:: DATASET EXCERPT
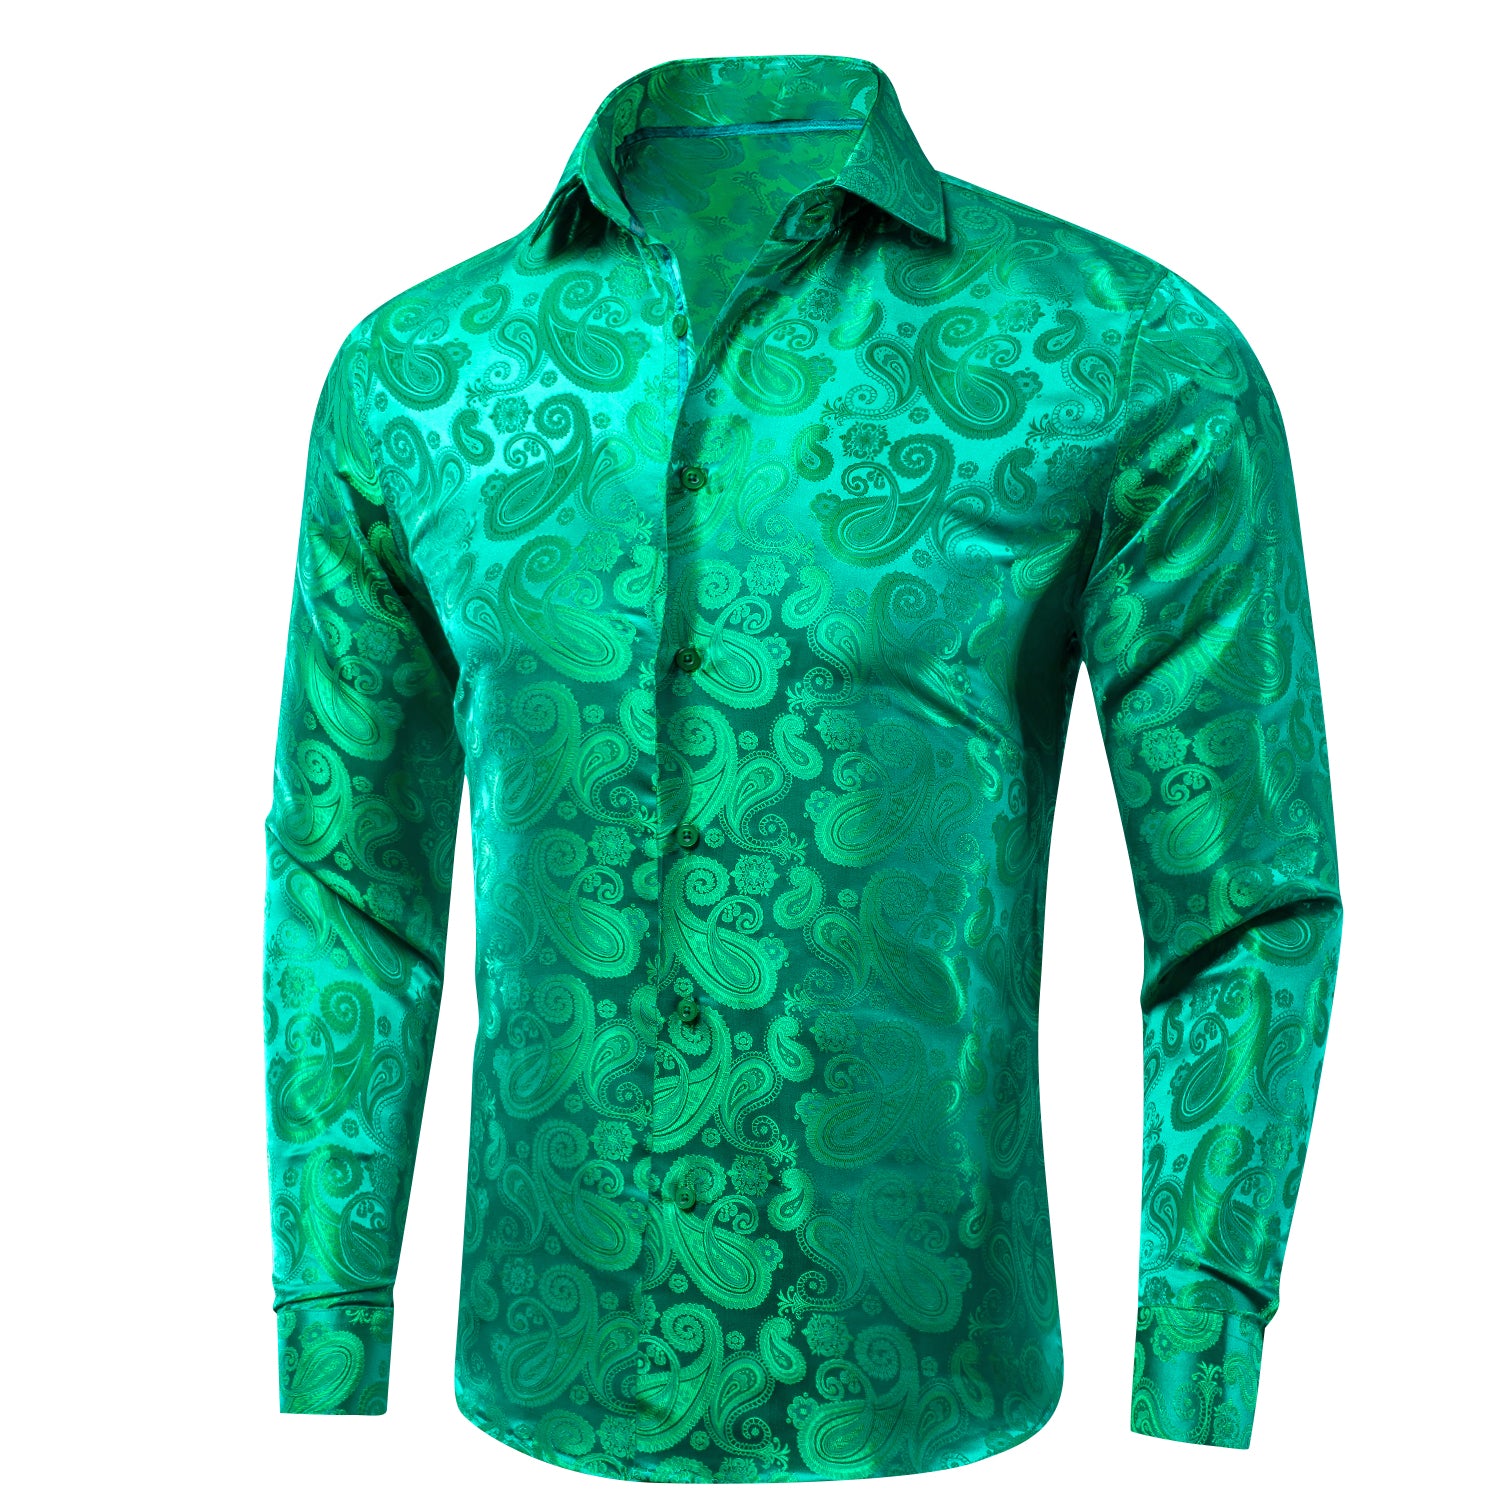 Grass Green Paisley Silk Men's Long Sleeve Shirt Casual
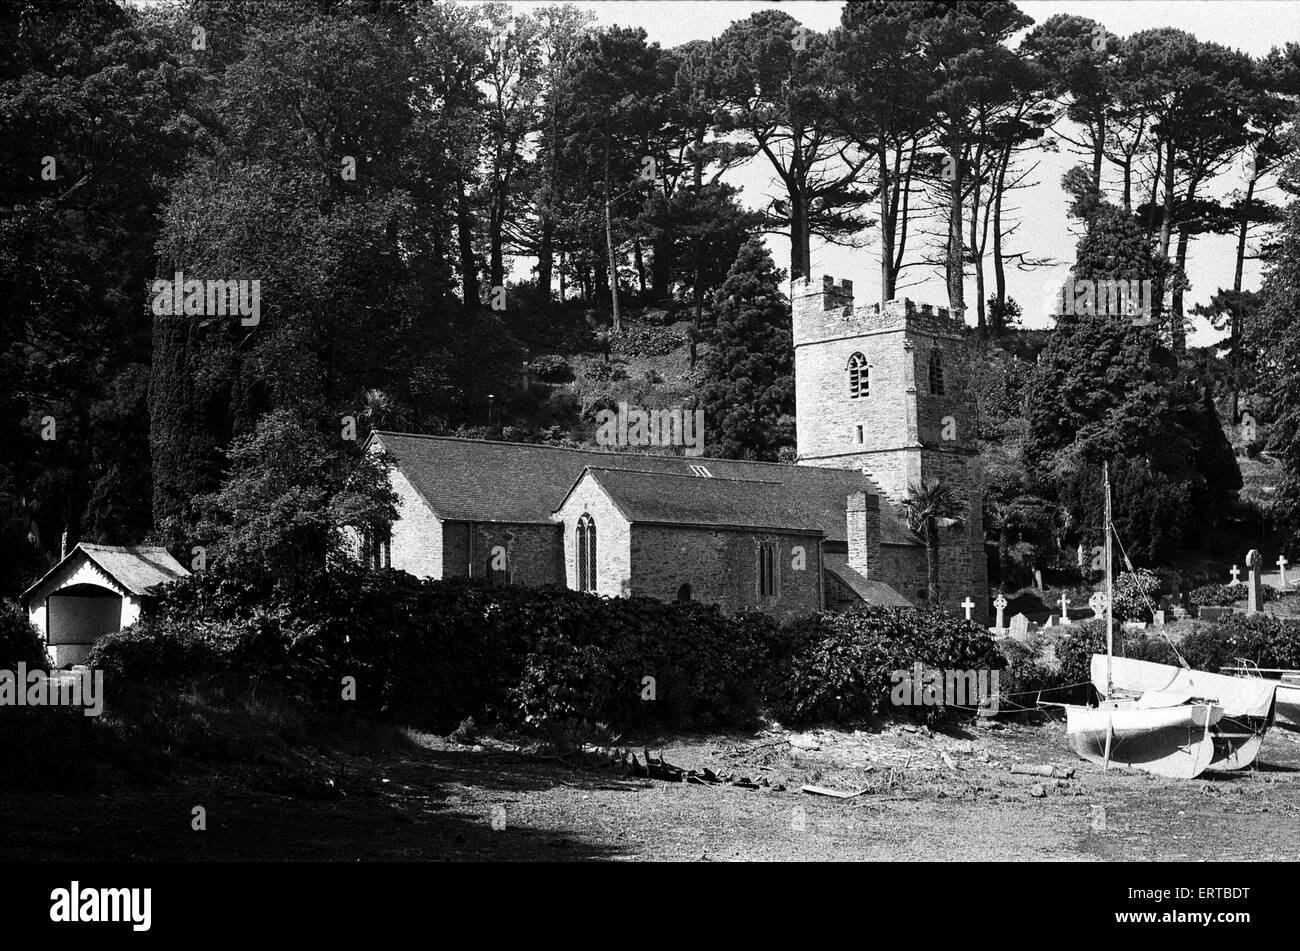 Das 13. Jahrhundert St. Just in Roseland Kirche in St Just in Roseland, Cornwall. Die Kirche befindet sich im Set in riverside Gärten mit subtropischen Büschen und Bäumen, von die viele Arten selten in England sind üppig bepflanzt. Das Dorf liegt sechs Meilen (10 km) südlich von Truro und zwei Meilen (3 Kilometer) nördlich von St Mawes. Juni 1975. Stockfoto
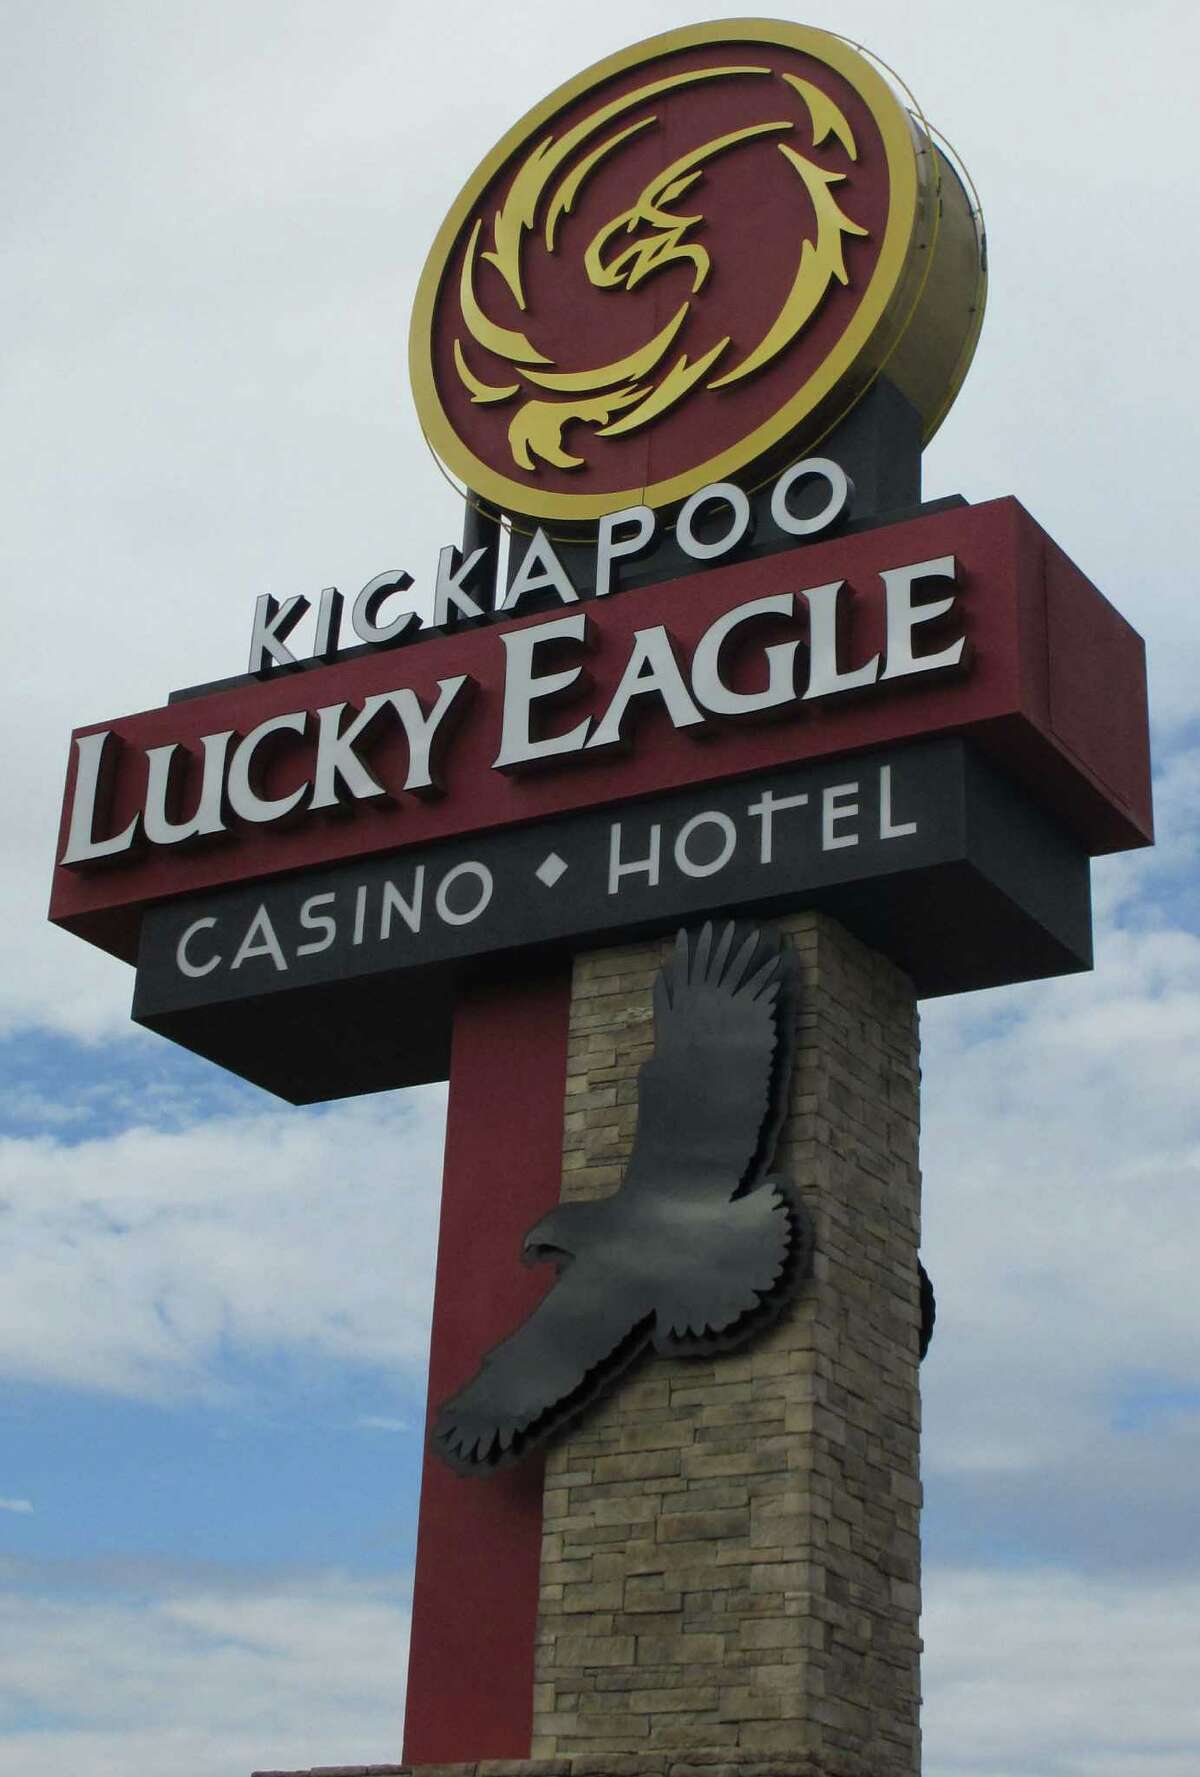 kickapoo casino texas
::::
§ ACTION ITEM
Every line from the line containing "Das 13. Jahrhundert" through the last line above is to be printed exactly. Pictures are not copied.

§ SOLUTION FOR THIS PROBLEM
 Das 13. Jahrhundert St. Just in Roseland Kirche in St Just in Roseland, Cornwall. Die Kirche befindet sich im Set in riverside Gärten mit subtropischen Büschen und Bäumen, von die viele Arten selten in England sind üppig bepflanzt. Das Dorf liegt sechs Meilen (10 km) südlich von Truro und zwei Meilen (3 Kilometer) nördlich von St Mawes. Juni 1975. Stockfoto
 kickapoo casino texas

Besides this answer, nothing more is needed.